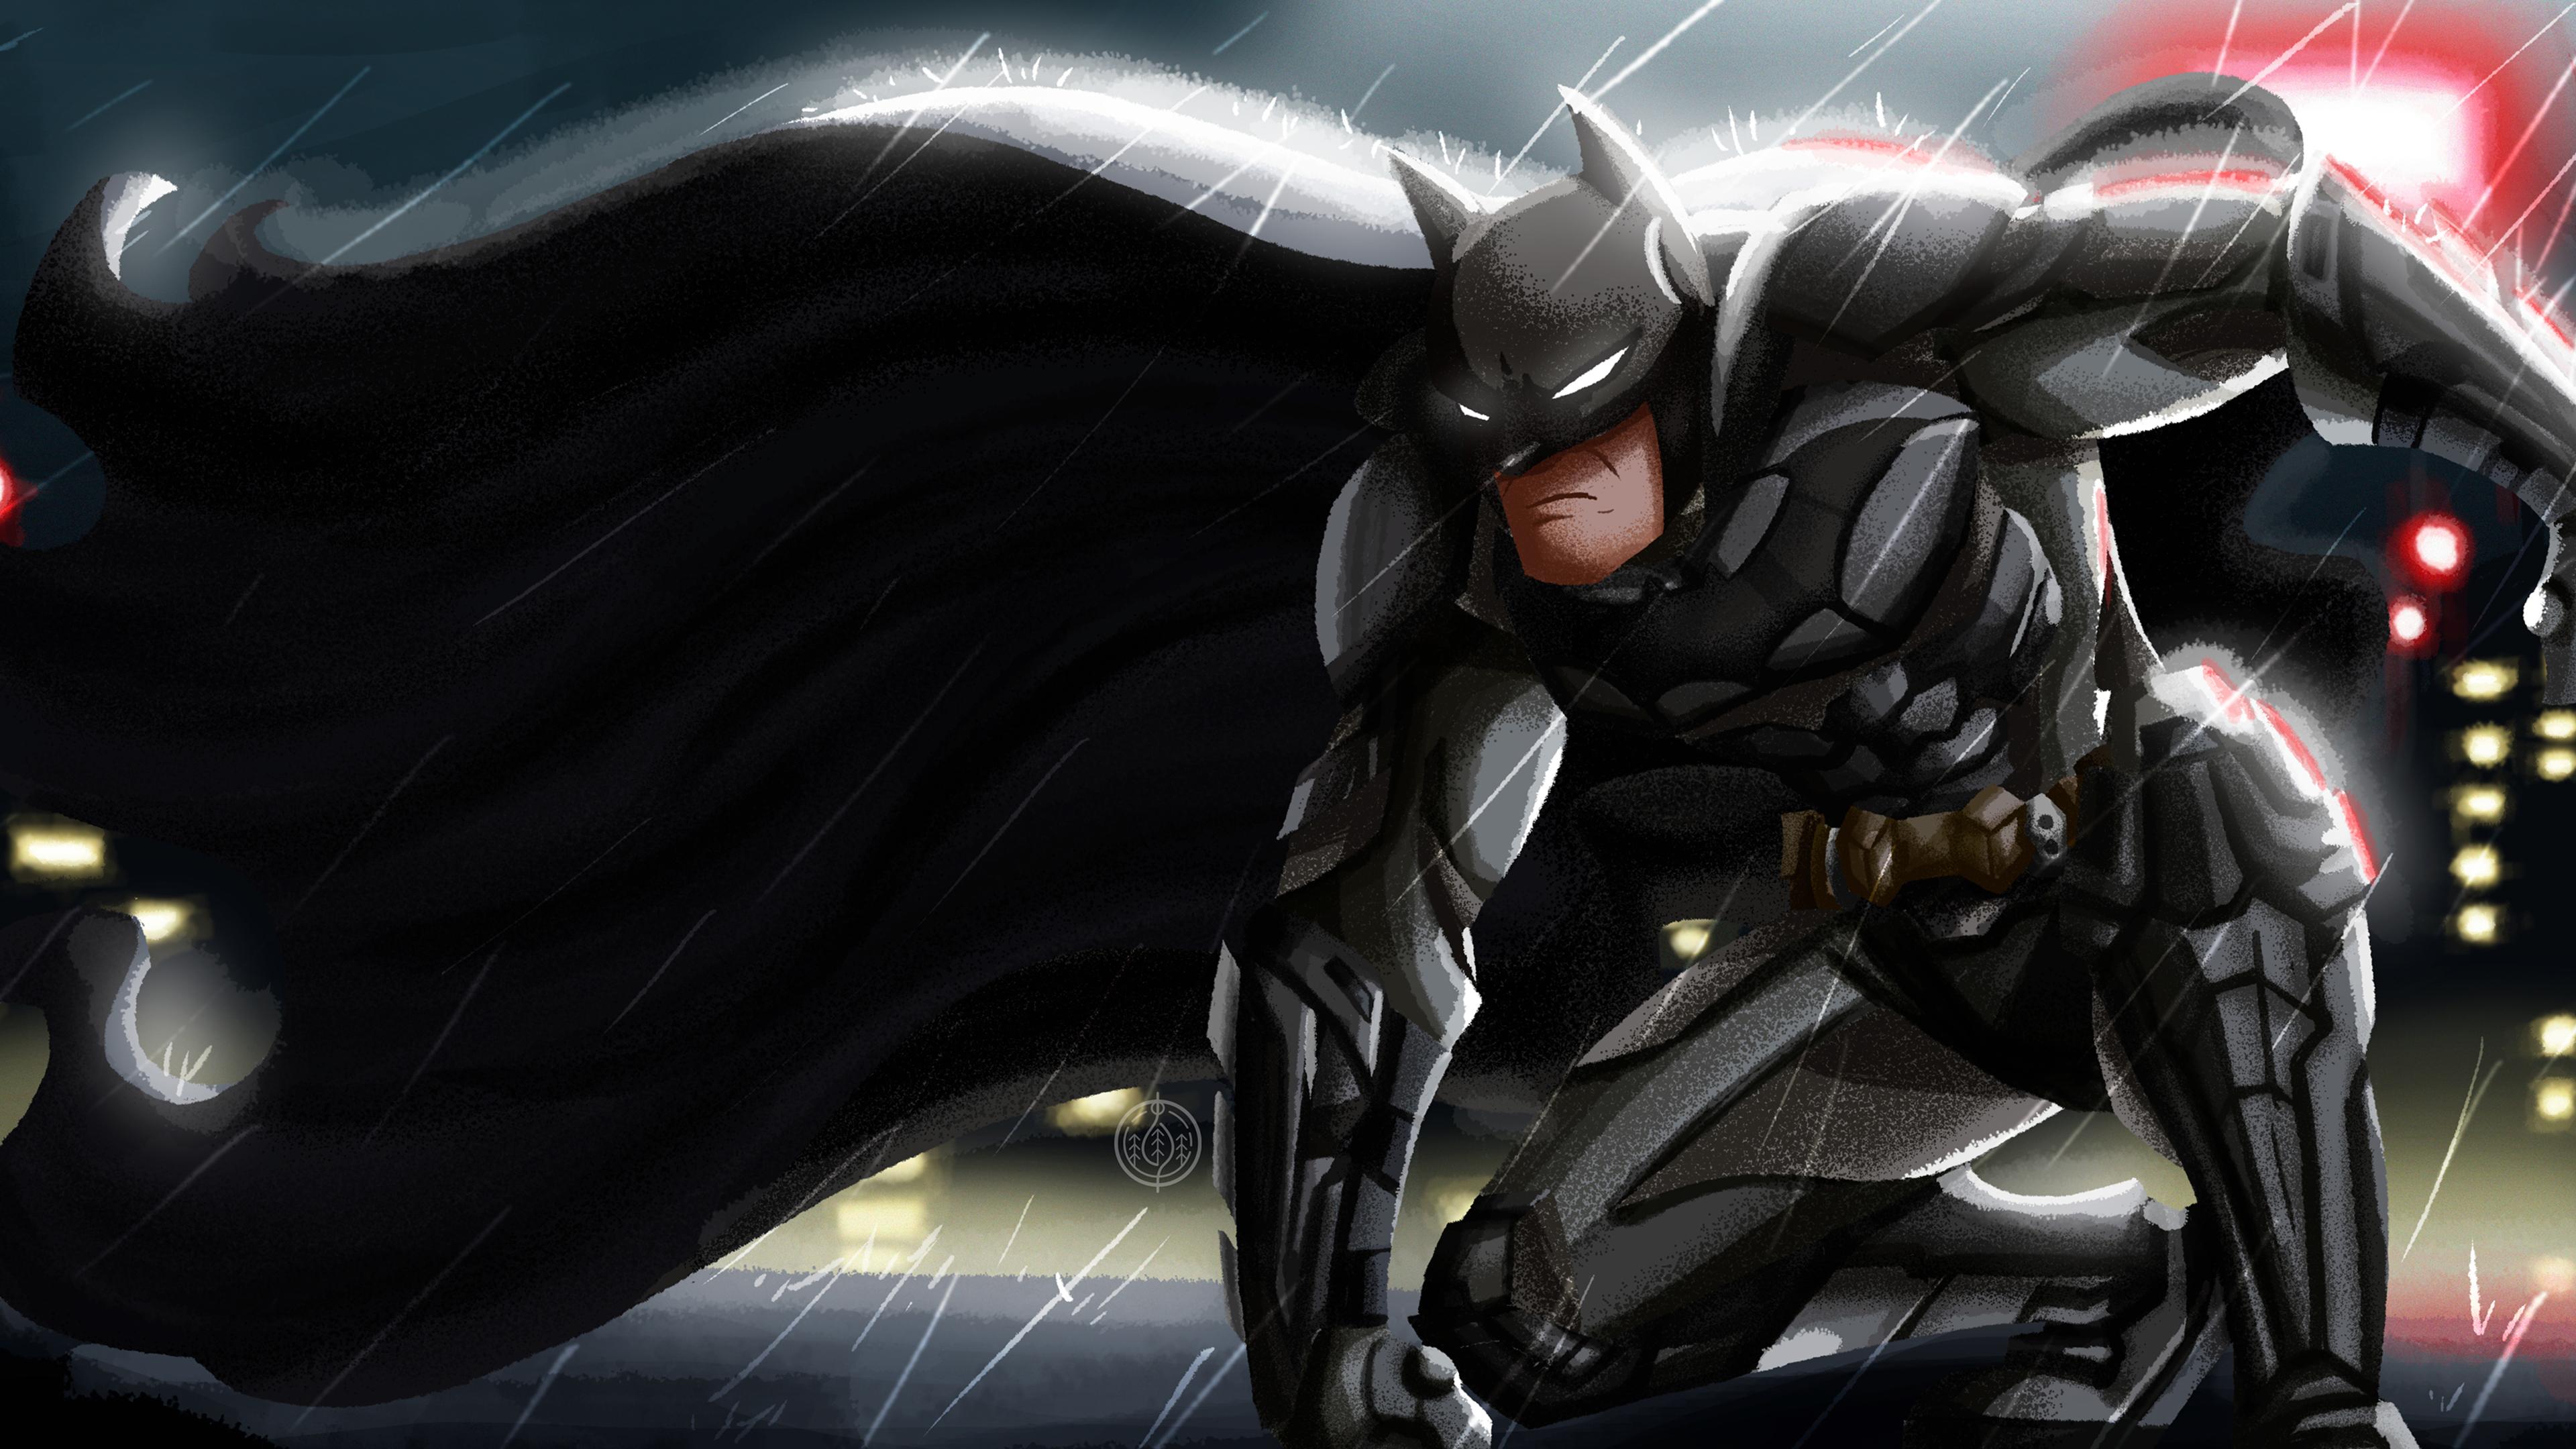 View 4K Batman Wallpaper Gif - Download Gaming Wallpaper 4K
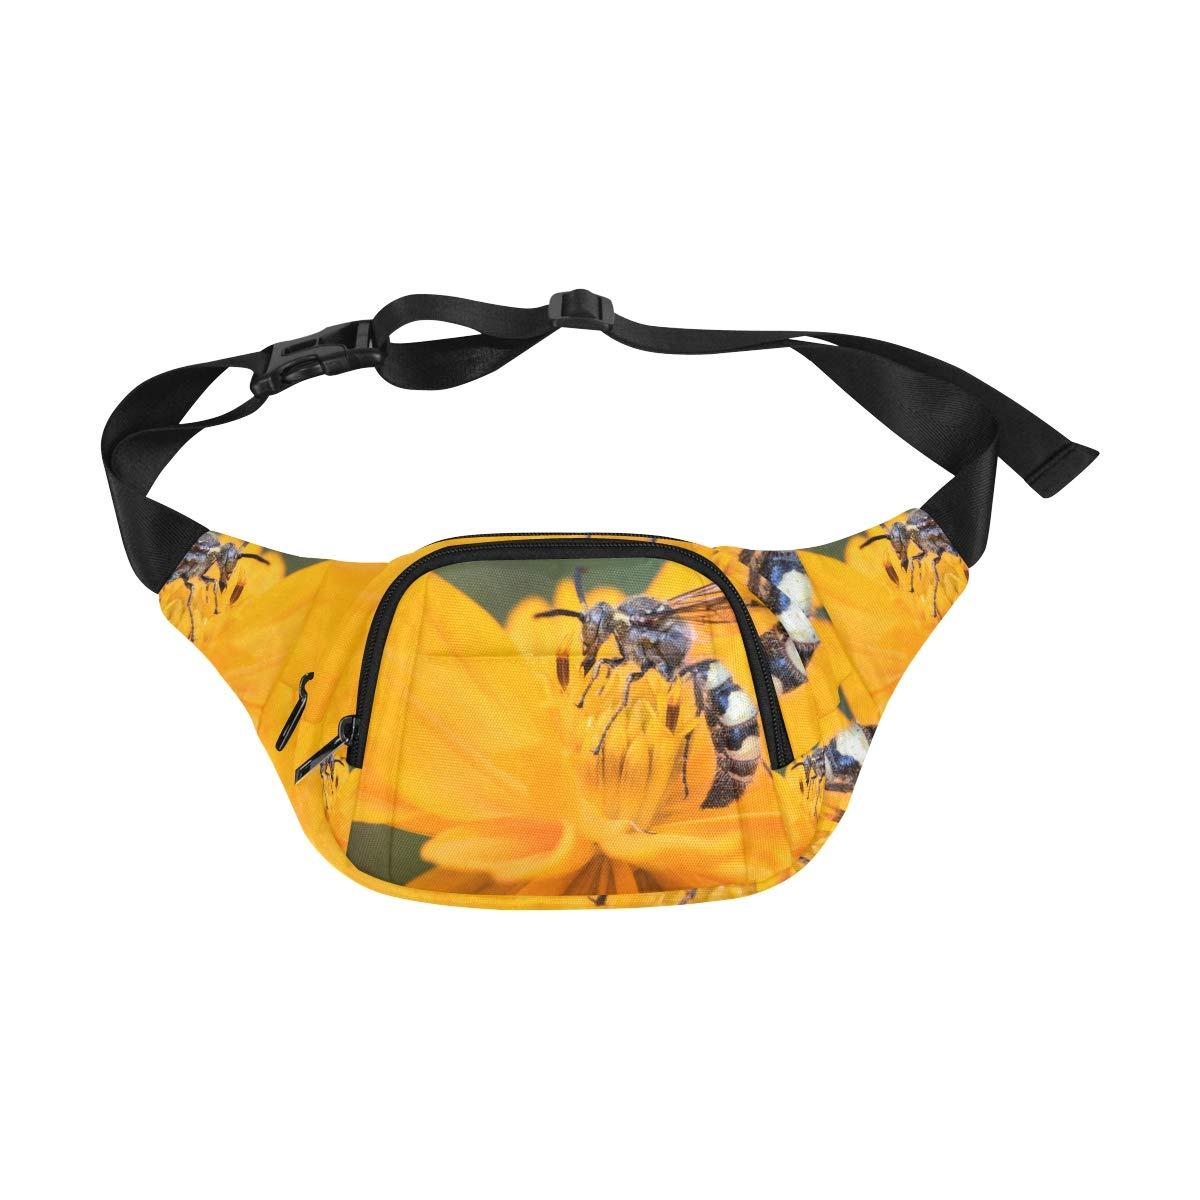 A European Wasp Pattern Fenny Packs Waist Bags Adjustable Belt Waterproof Nylon Travel Running Sport Vacation Party For Men Women Boys Girls Kids
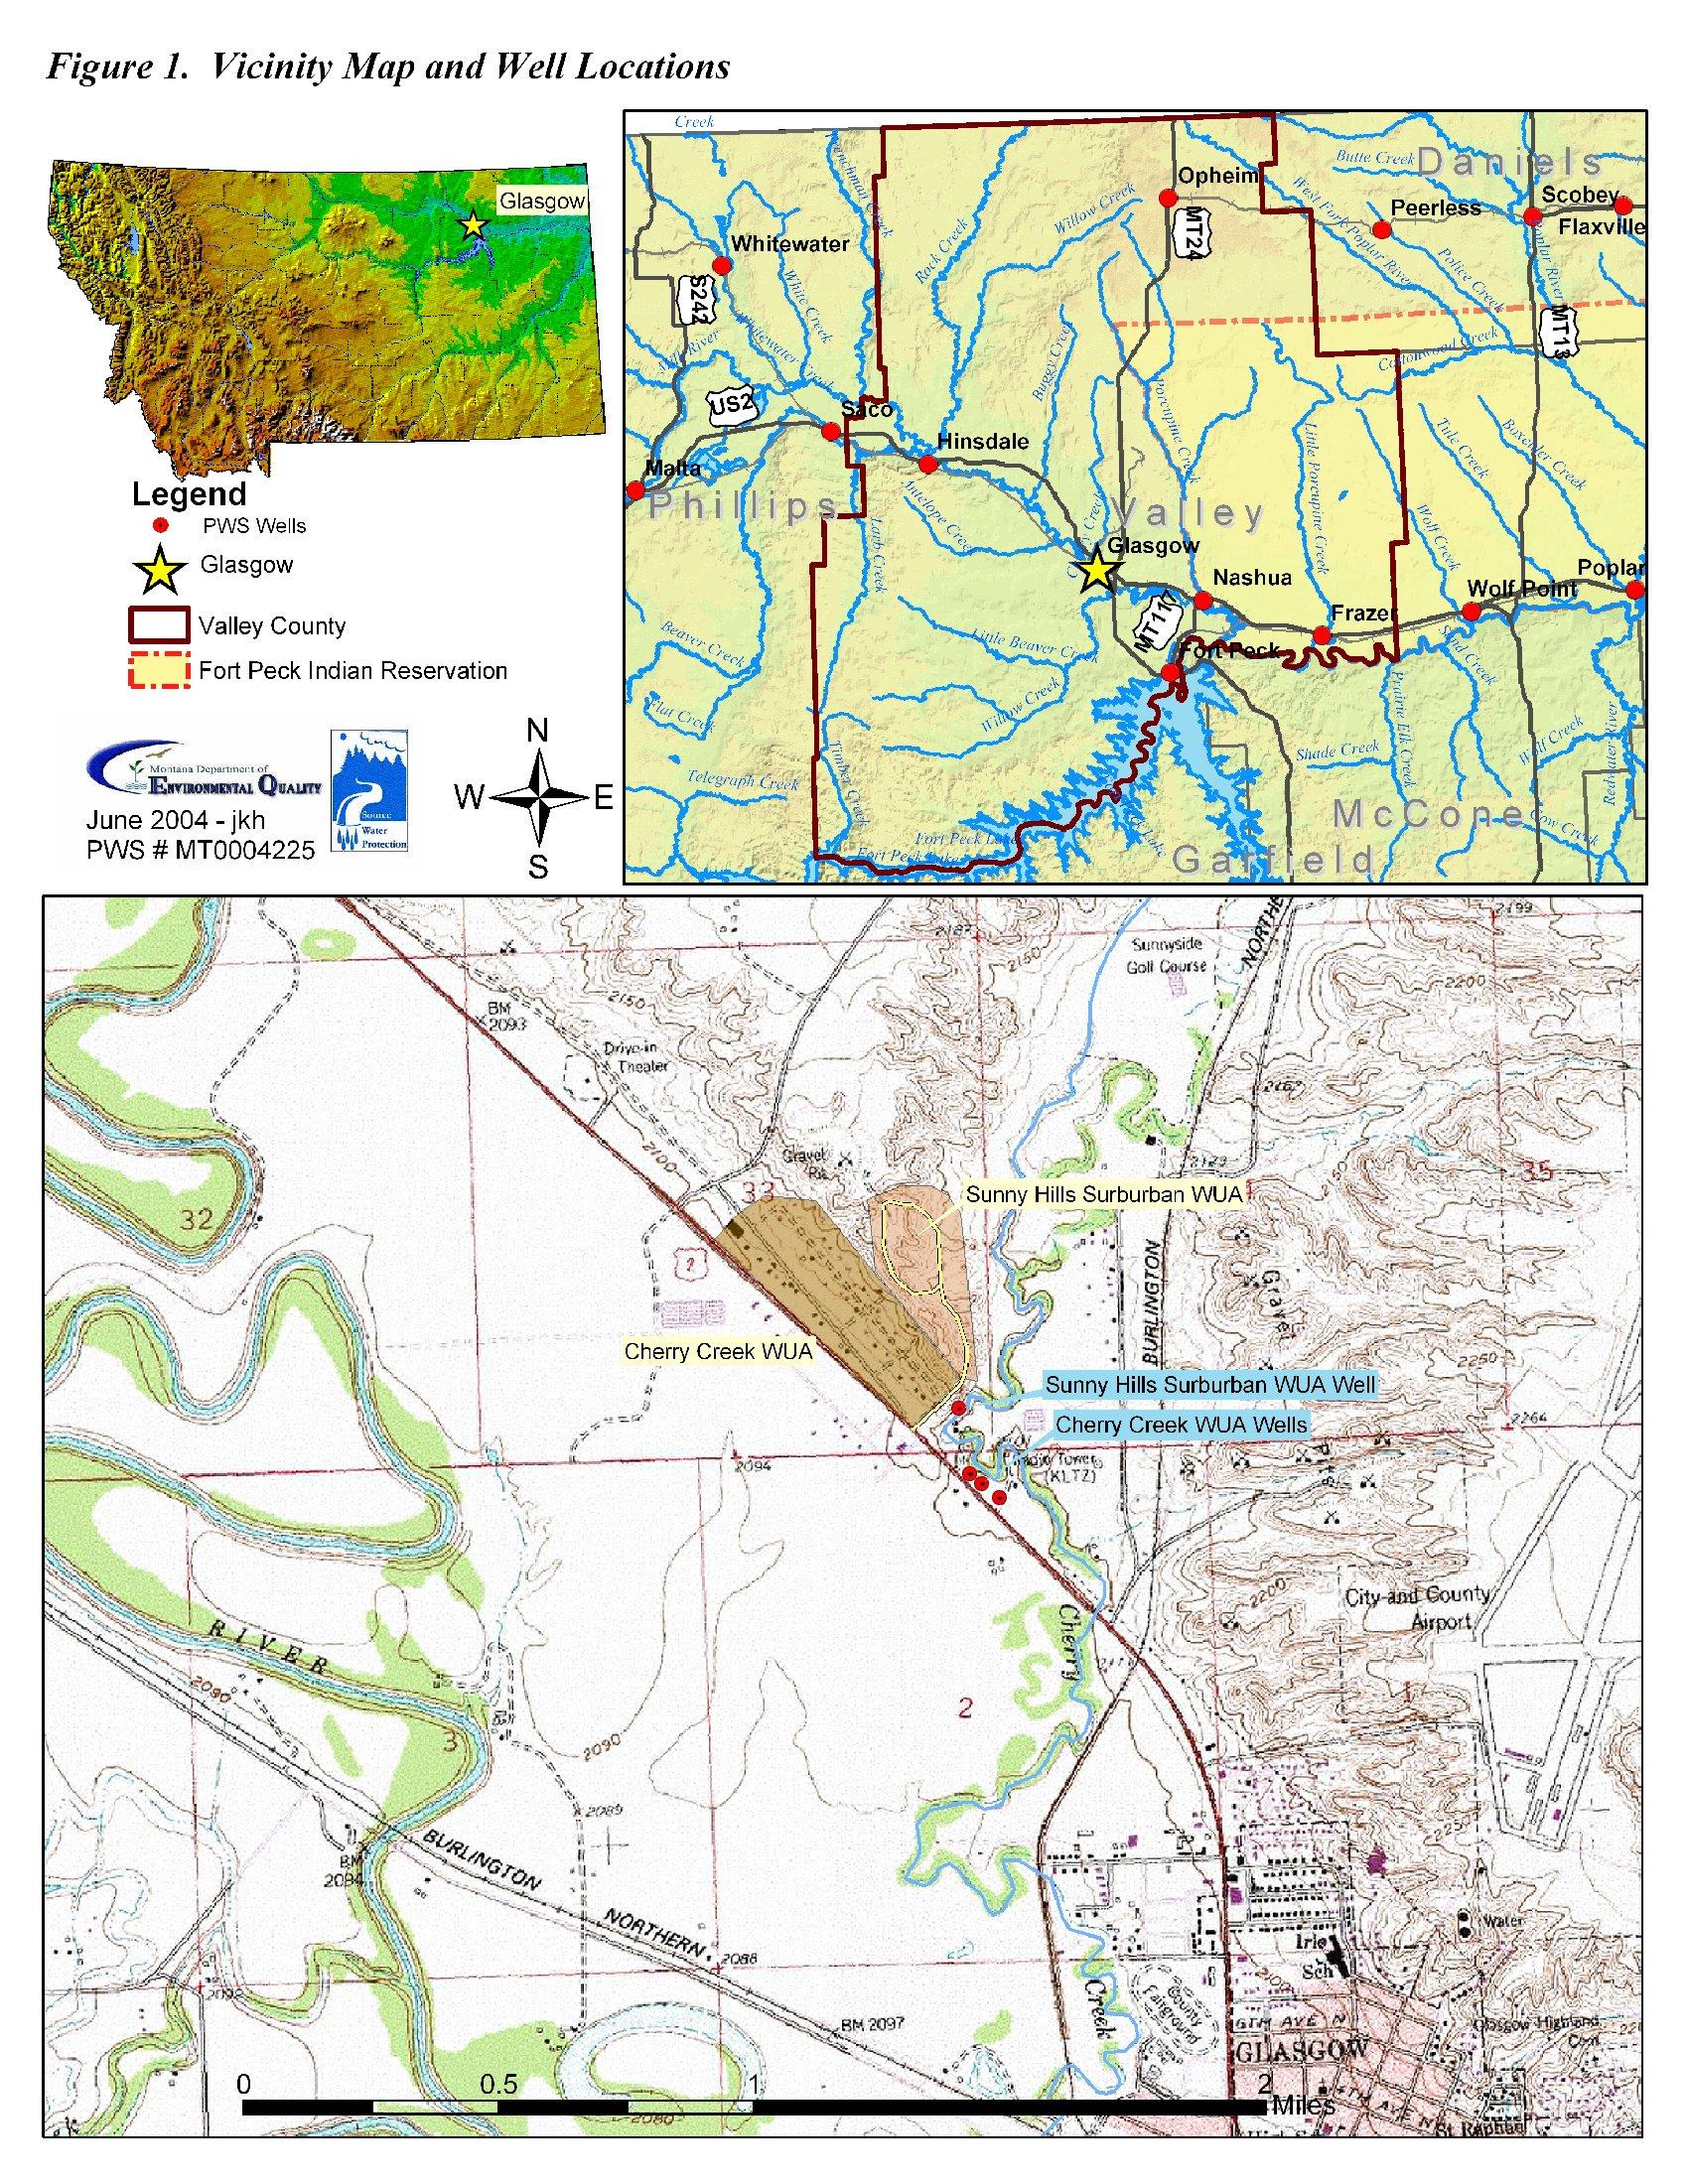 Montana Deq Source Water Assessment Sunny Hills Suburban Wua Sunburst

..............................

(EXERCISE BRIEF):
Word-for-word transcript, pictures excluded: copy all the material above.

(WRITTEN ANSWER):
 View 4K Batman Wallpaper Gif - Download Gaming Wallpaper 4K
 A European Wasp Pattern Fenny Packs Waist Bags Adjustable Belt Waterproof Nylon Travel Running Sport Vacation Party For Men Women Boys Girls Kids
 Montana Deq Source Water Assessment Sunny Hills Suburban Wua Sunburst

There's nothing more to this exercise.